On April 6, 2016, the Company and Roche entered into the First Amendment to the R&D Collaboration Agreement, which reduced certain restrictions on the Company’s activities in immuno-oncology and revised certain criteria for the achievement of a development milestone.

On June 16, 2016, the Company and Roche entered into the Second Amendment to the R&D Collaboration Agreement, which set forth the terms of an omnibus development program to provide for R&D projects that do not fall within the scope of the other programs already covered by the R&D Collaboration Agreement. For the new R&D projects contemplated during 2016 under the Second Amendment to the R&D Collaboration Agreement, Roche will reimburse the Company for certain R&D costs incurred for the agreed upon work. In addition, Roche will be required to make certain milestone payments upon the achievement of specified clinical events up to $13,000,000 in the aggregate. All milestone payments are considered substantive. The R&D reimbursements and clinical milestone payments will be recognized using a proportional performance model when earned by the Company.
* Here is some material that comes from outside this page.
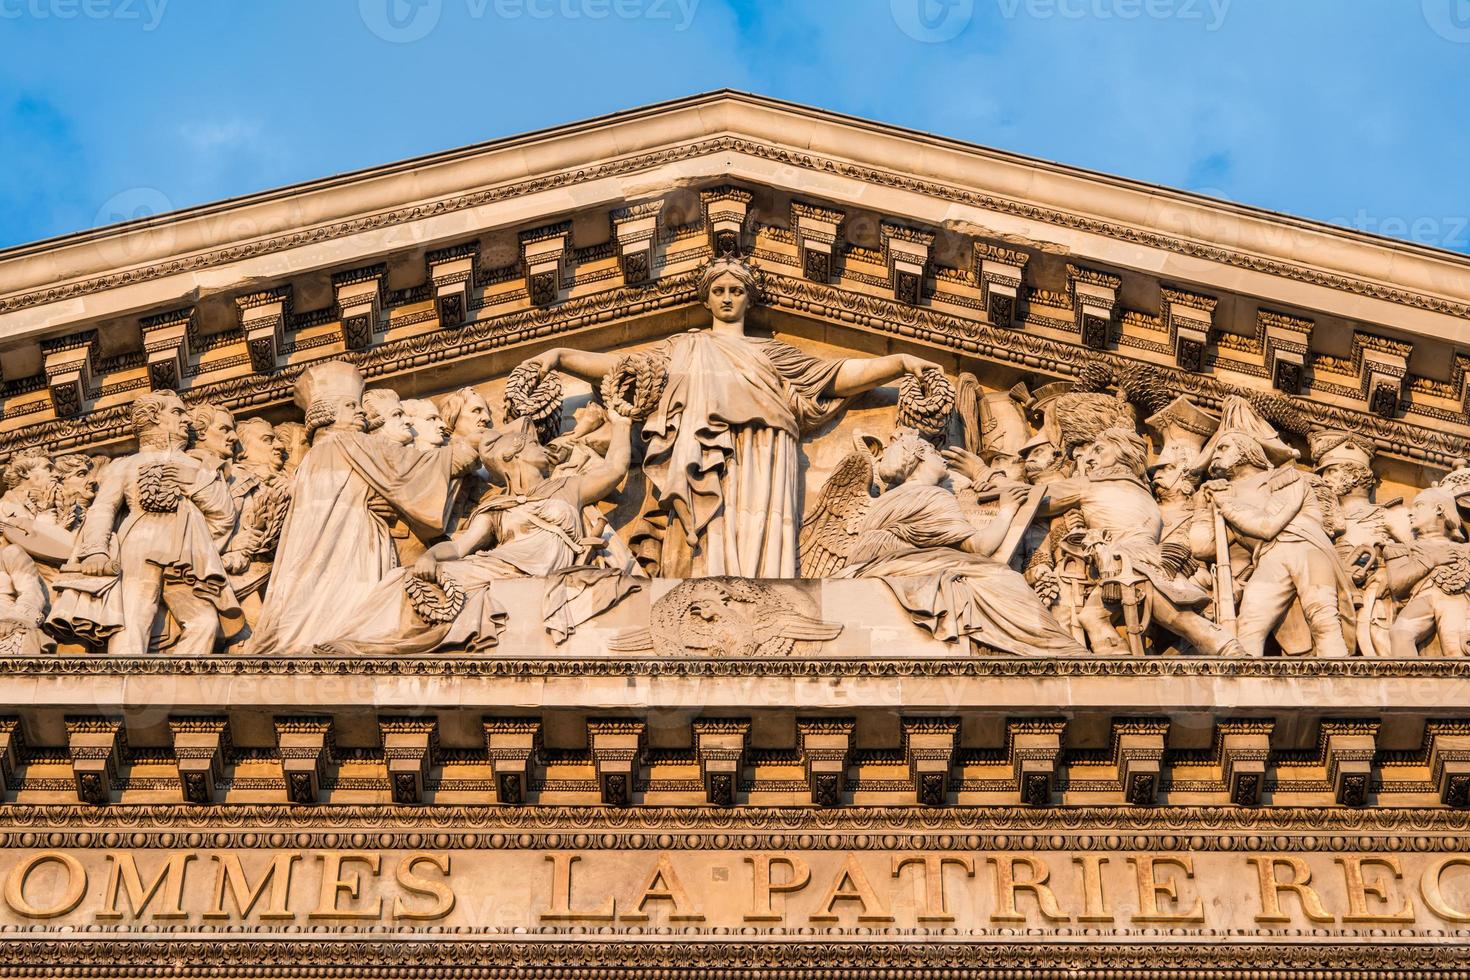 El panteón, París Francia-detalle arquitectónico foto

On July 25, 2016, the Company and Roche entered into a Third Amendment to the R&D Collaboration Agreement, which modified certain exclusivity provisions relating to cancer immunotherapy.

On December 20, 2016, the Company and Roche entered into a Fourth Amendment to the R&D Collaboration Agreement, which further modified certain exclusivity provisions relating to cancer immunotherapy.
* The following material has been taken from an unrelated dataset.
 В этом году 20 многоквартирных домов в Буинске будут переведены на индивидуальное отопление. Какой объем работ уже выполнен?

Molecular Information Platform Program

Under the molecular information platform program within the R&D Collaboration Agreement, the following deliverables were identified: (i) cross-licenses for access to relevant intellectual property (“IP”), (ii) reserved capacity for sample profiling, (iii) access to the Company’s molecular information database, (iv) full-time equivalent persons (“FTEs”) per year for performance of database queries and the delivery of results, and (v) sample profiling above the reserved capacity limit.
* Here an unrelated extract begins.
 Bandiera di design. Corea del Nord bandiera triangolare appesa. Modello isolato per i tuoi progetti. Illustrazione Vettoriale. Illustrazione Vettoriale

The Company determined which deliverables within the arrangement have standalone value from the other undelivered elements, and identified the following separate units of accounting: (i) reserved capacity for sample profiling, (ii) access to the Company’s molecular information database and FTEs per year for the performance of database queries and the delivery of results, and (iii) sample profiling above the reserved capacity limit. The cross-licenses grant each party access to relevant IP to perform under the contract or to exploit the deliverables. The licenses are delivered at the inception of the arrangement and relate to development and sample profiling work performed under the platform. The Company does not sell the licenses separately as they are closely connected to the development and sample profiling activities and have little value to Roche without these other deliverables. Therefore, the licenses are combined with the other units of accounting identified under the molecular information platform program and do not have standalone value.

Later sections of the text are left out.